SOURCE MATERIAL:
※ ※ ※
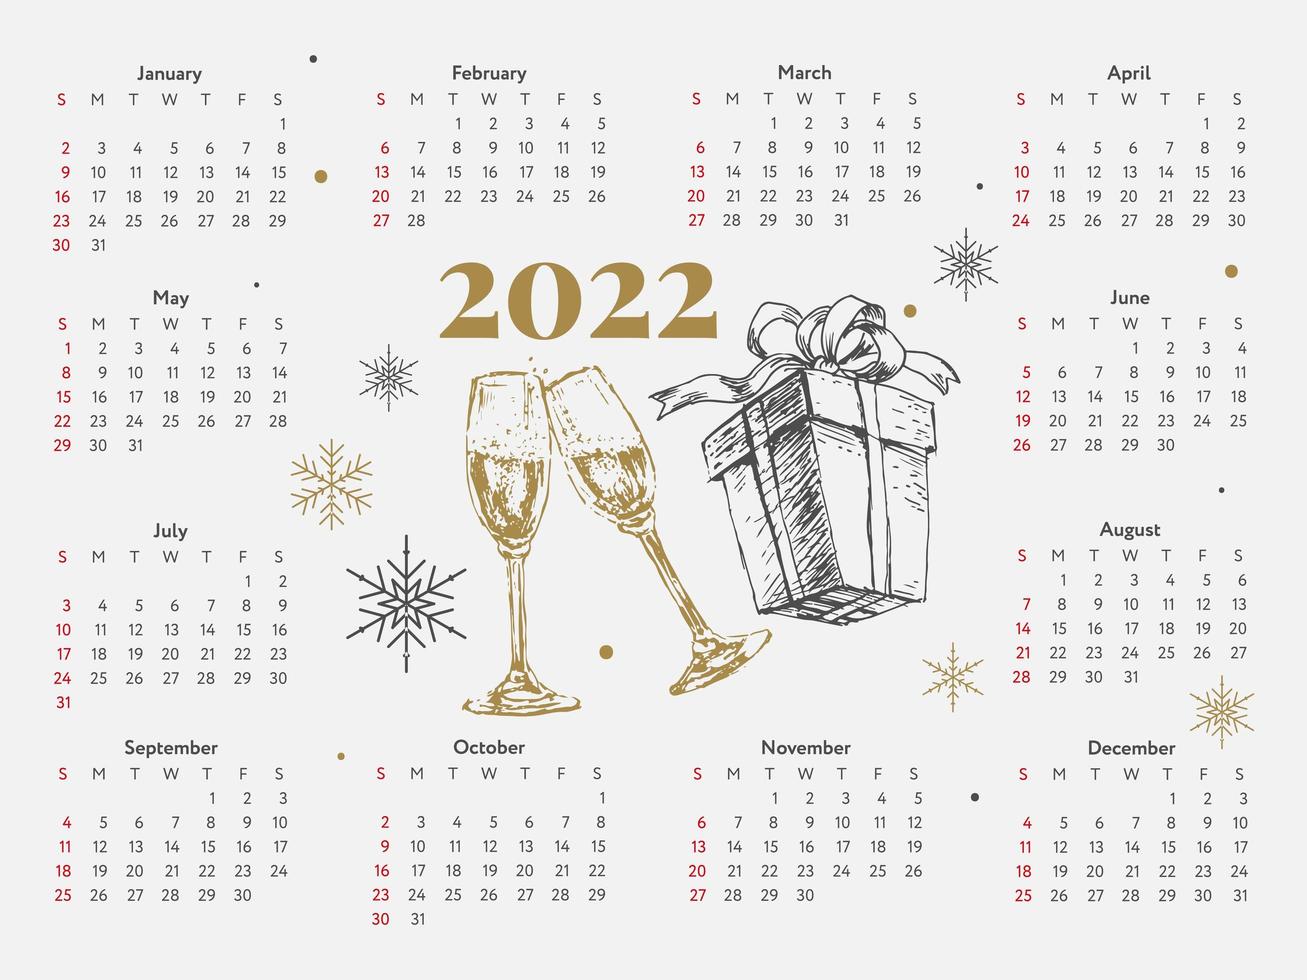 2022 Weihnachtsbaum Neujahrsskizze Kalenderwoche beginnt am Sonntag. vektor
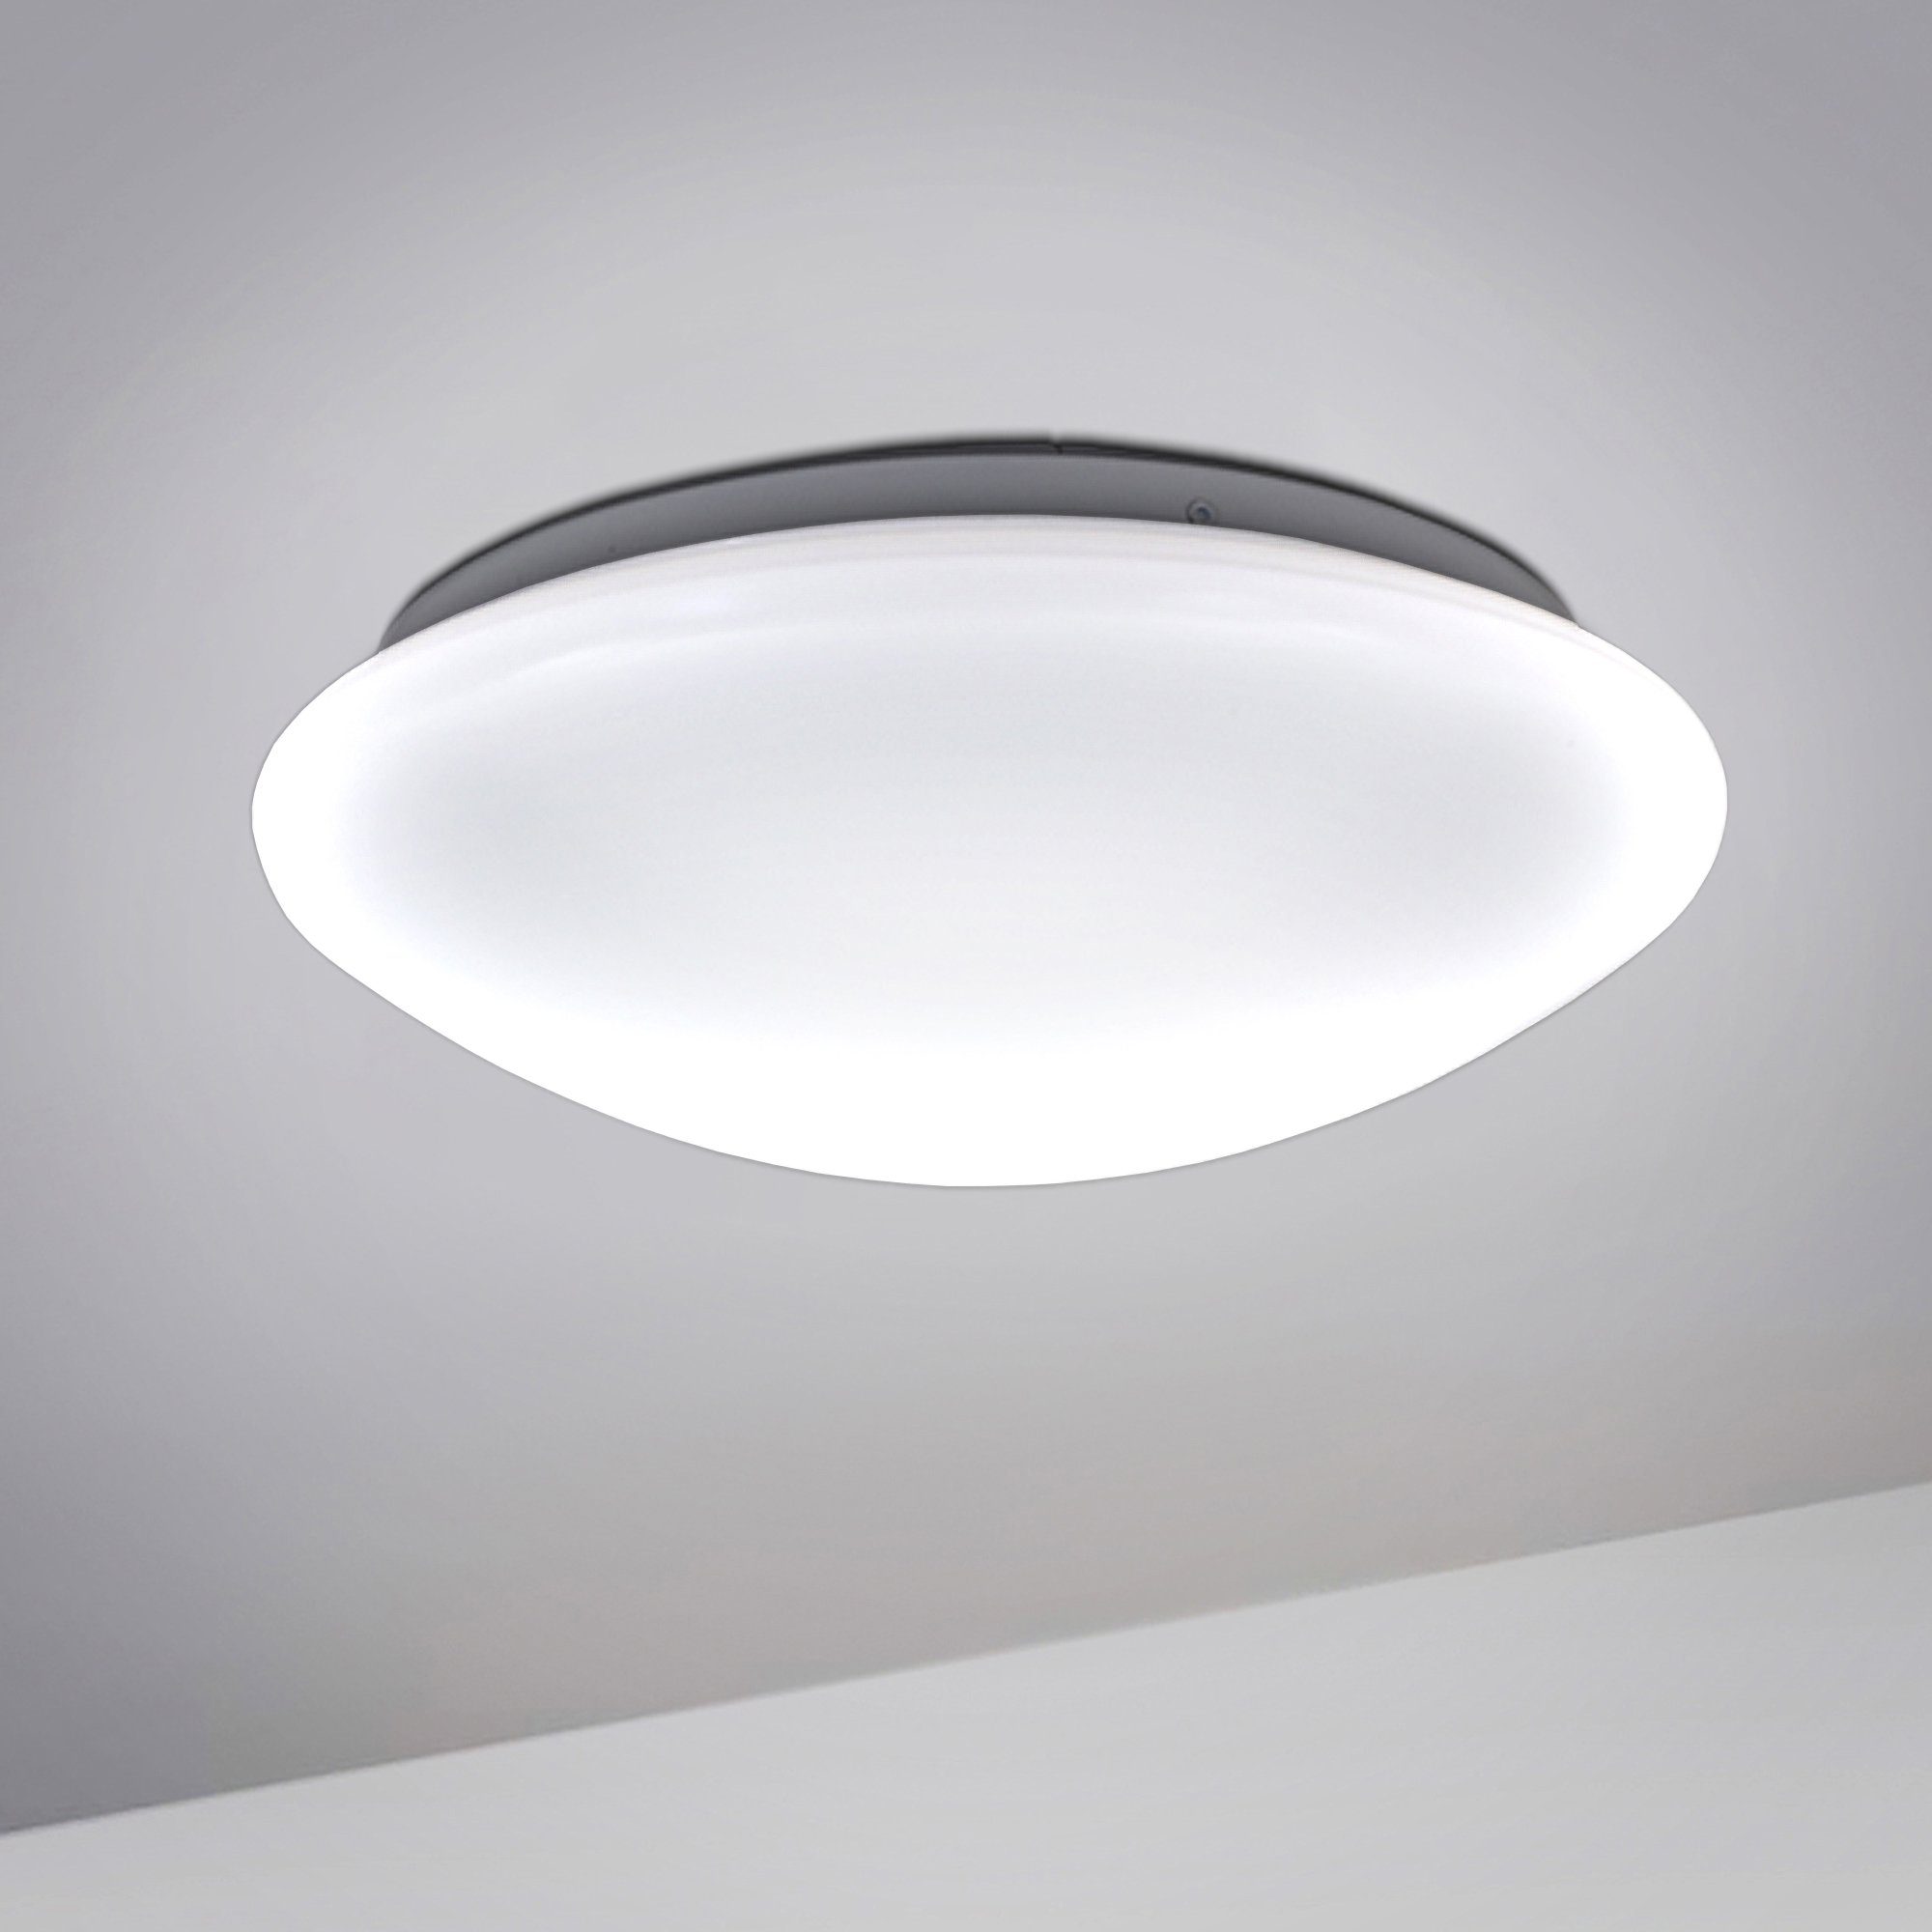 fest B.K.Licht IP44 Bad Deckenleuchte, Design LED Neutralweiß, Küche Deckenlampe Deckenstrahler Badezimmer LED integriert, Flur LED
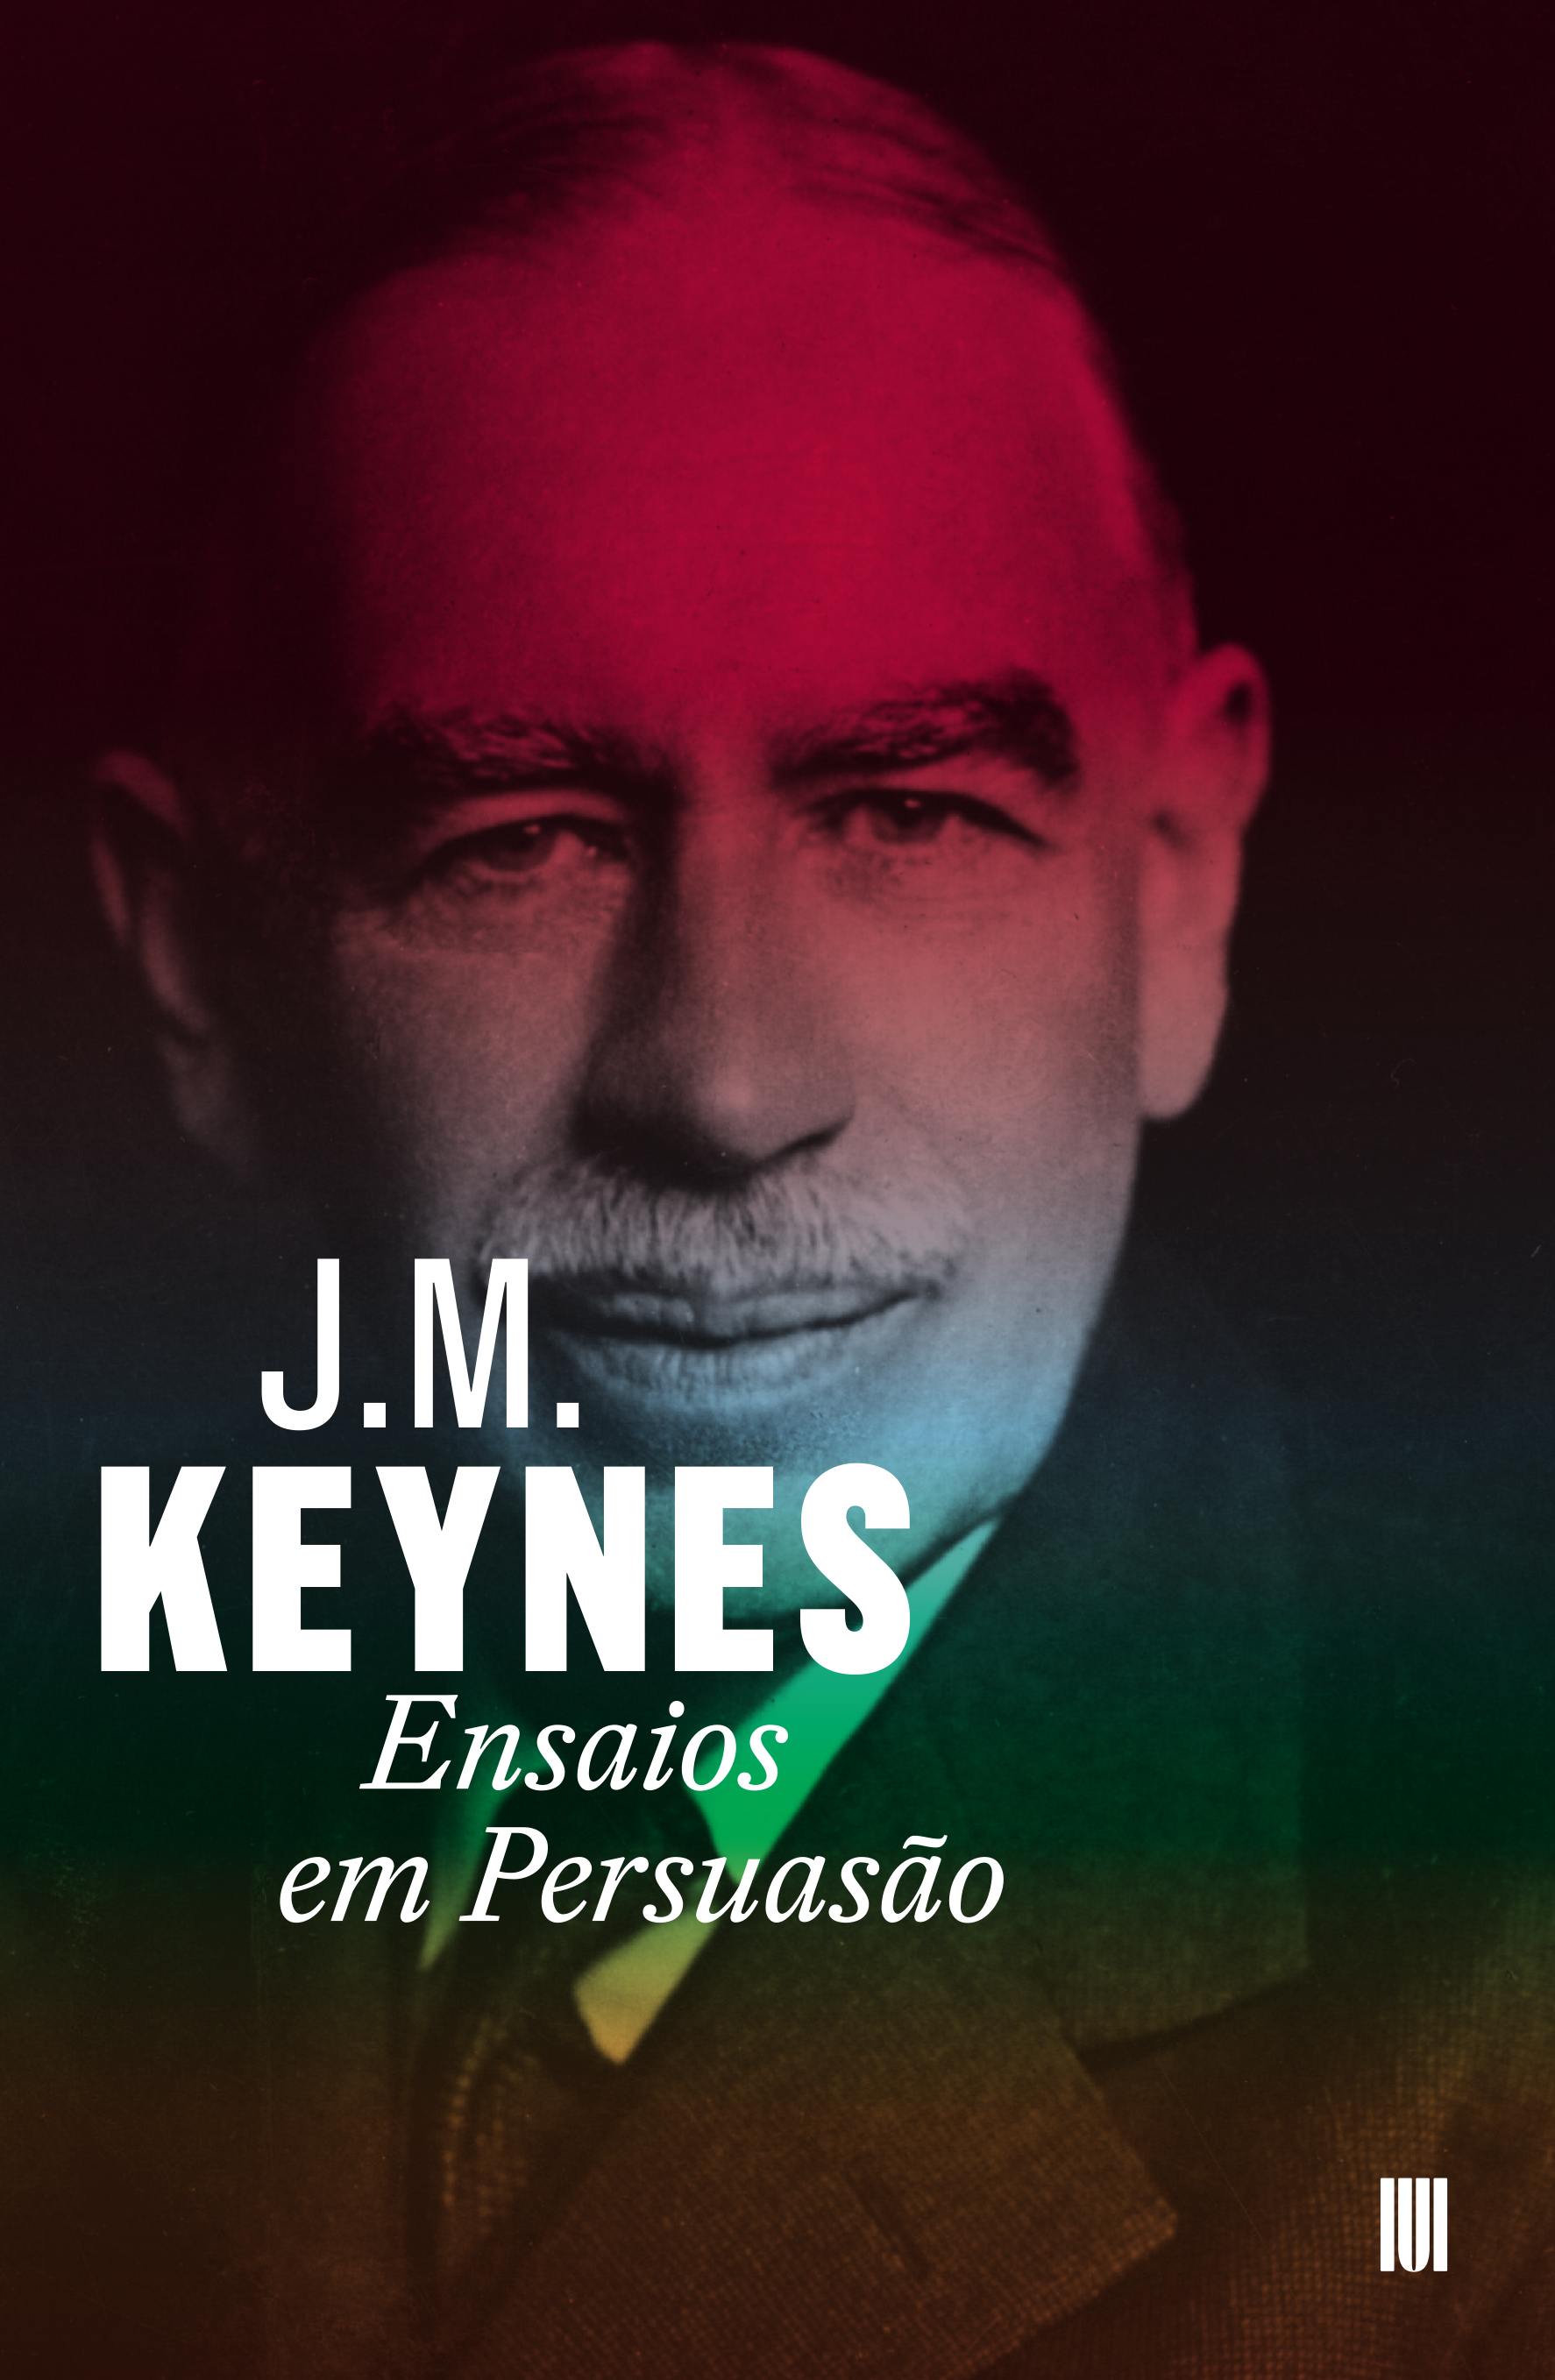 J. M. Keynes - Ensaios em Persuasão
※ ※ ※
TASK DIRECTIONS: Copy the data word for word and omit every picture.

SOLUTION TO THIS PROBLEM:
 2022 Weihnachtsbaum Neujahrsskizze Kalenderwoche beginnt am Sonntag. vektor
 fest B.K.Licht IP44 Bad Deckenleuchte, Design LED Neutralweiß, Küche Deckenlampe Deckenstrahler Badezimmer LED integriert, Flur LED
 J. M. Keynes - Ensaios em Persuasão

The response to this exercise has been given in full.